Key Differences from Bedtools

  1. SQL-based syntax: GIQL uses SQL syntax, which may be more familiar to users with database experience and allows integration with other SQL features.

  2. Explicit joins: Instead of implicit A/B file relationships, GIQL uses explicit JOIN syntax, making the relationship between tables clearer.

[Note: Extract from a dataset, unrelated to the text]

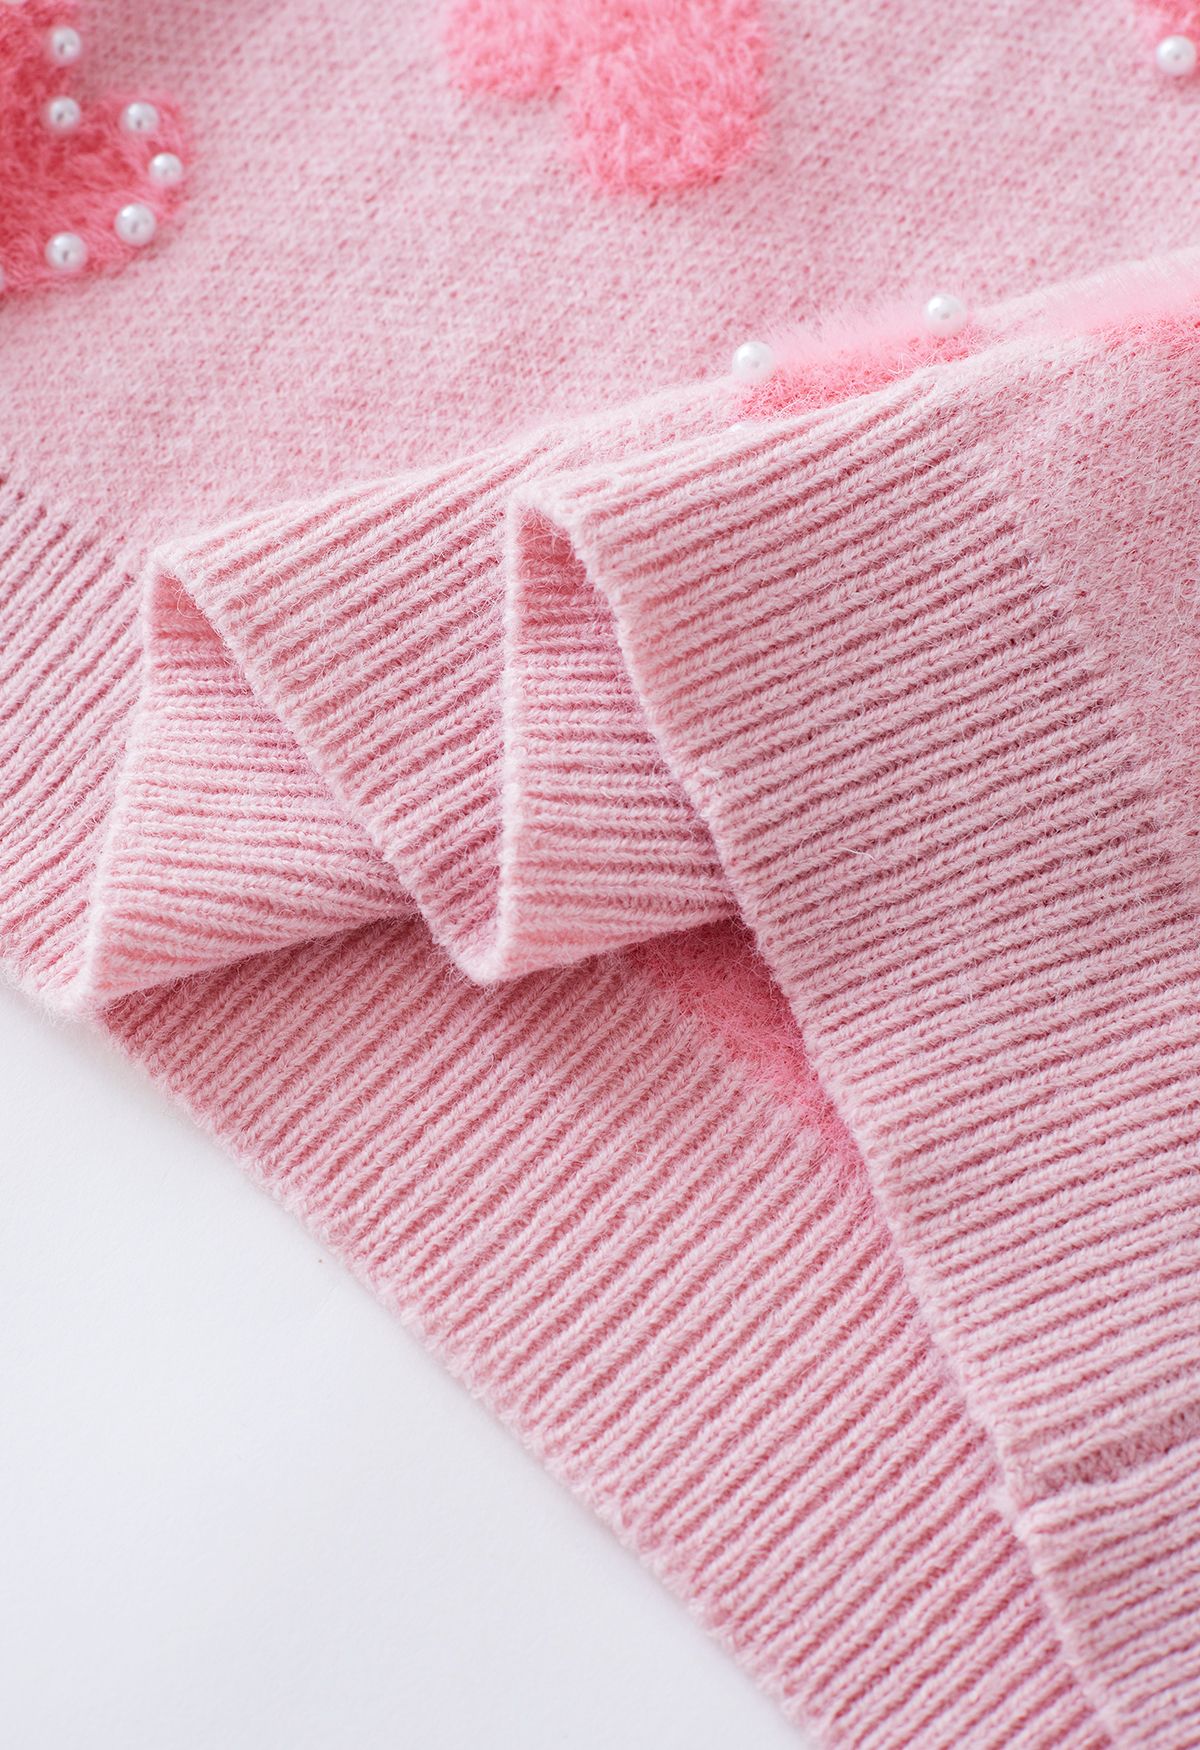 Pearl Trim Fluffy Heart Knit Sweater in Pink

  3. Flexible output: SQL’s SELECT clause gives you full control over which columns to return and how to format them.

  4. Built-in aggregation: SQL’s GROUP BY and aggregate functions (COUNT, AVG, SUM, etc.) are available directly, without needing separate post-processing.

  5. Database integration: GIQL queries run against database tables, enabling integration with other data and persistence of results.

  6. Multi-backend support: The same GIQL query can run on DuckDB, SQLite, or other supported backends without modification.